A l’en croire, dans certaines familles bassa, quand une fille s’apprête à convoler, les parents doivent lui expliquer l’importance du mbongo pour la paix dans le couple. Hélène assure pour sa part qu’elle transmet « juste un héritage ».
Sommaire de la série « L’Afrique a du goût »
Saveurs pimentées, parfums fleuris ou adoucis par un passage en friture, les arts culinaires africains racontent des territoires, des coutumes et une certaine philosophie de la vie. En France, quelques plats sont à la mode, qui régalent les aventuriers du goût.

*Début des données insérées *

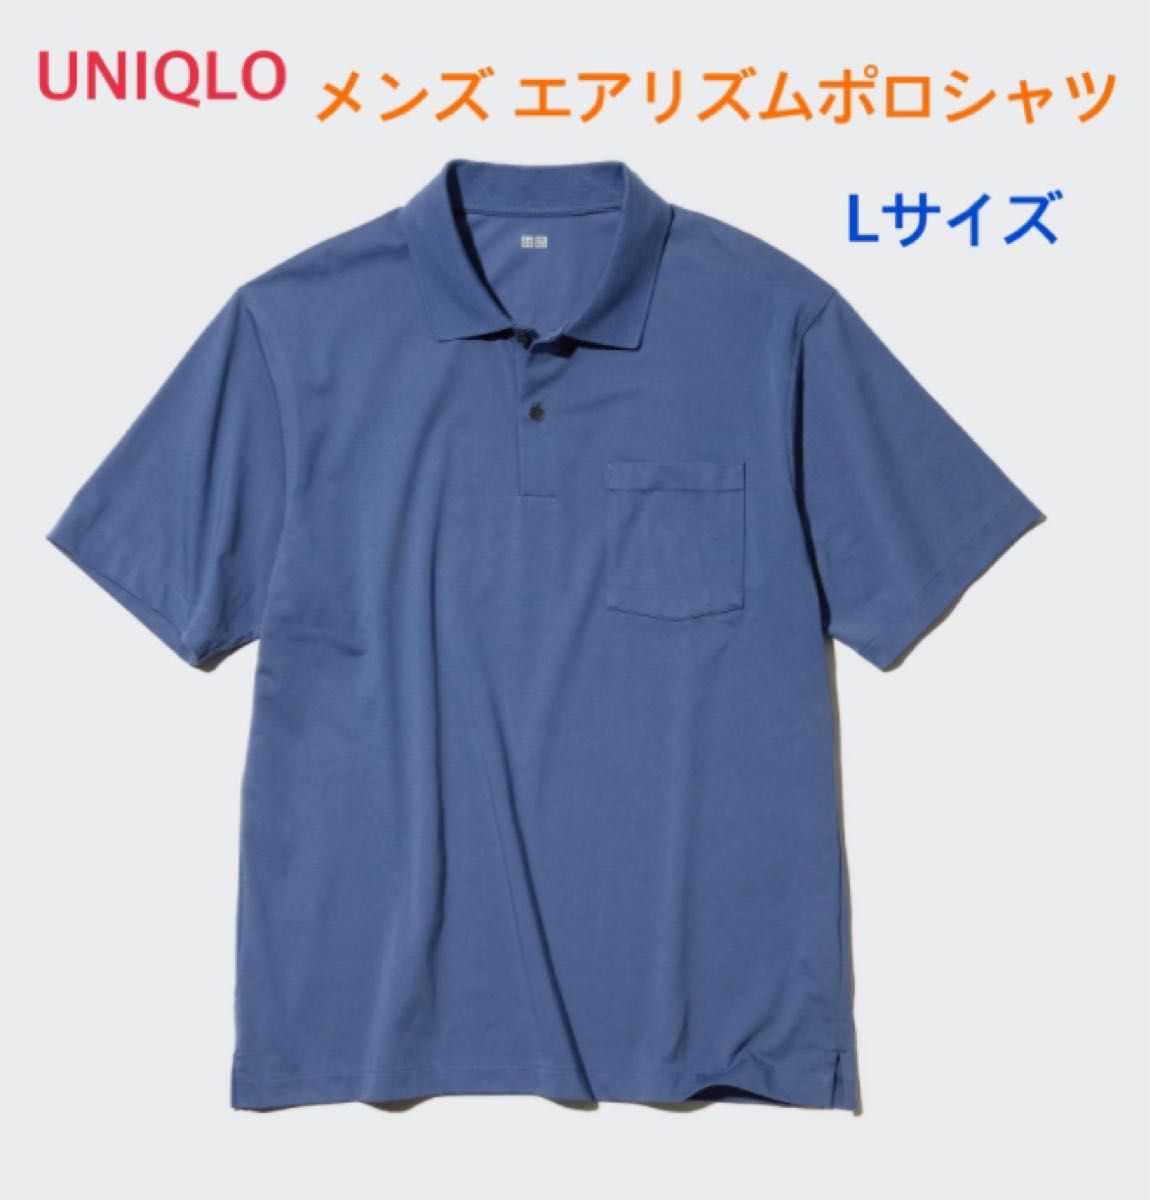 UNIQLO ポロシャツ ブルー L

Du yassa au mafé en passant par le thiep au poulet, quelques plats ont déjà laissé leur empreinte sur les palais, servis dans des restaurants qui affichent leur africanité sans préciser de quelle région du continent ils s’inspirent.
Et pourtant, un monde sépare les pâtisseries égyptiennes du fetira éthiopien. Car chaque plat, chaque dessert raconte à lui seul une histoire, un rapport à la terre, aux ancêtres, au climat aussi. C’est pour ouvrir sur ces horizons encore trop méconnus, pour goûter et regarder l’Afrique autrement, que Le Monde Afrique vous offre en guise de série d’été un voyage au cœur de quelques spécialités qu’on ne goûte pas forcément ici, une visite dans les cuisines d’un chef emblématique ou dans un restaurant qu’on ne rate pas.
L’Afrique a du goût et, comme le rappelait le géographe français Jean Brunhes (1869-1930), « manger, c’est incorporer un territoire ».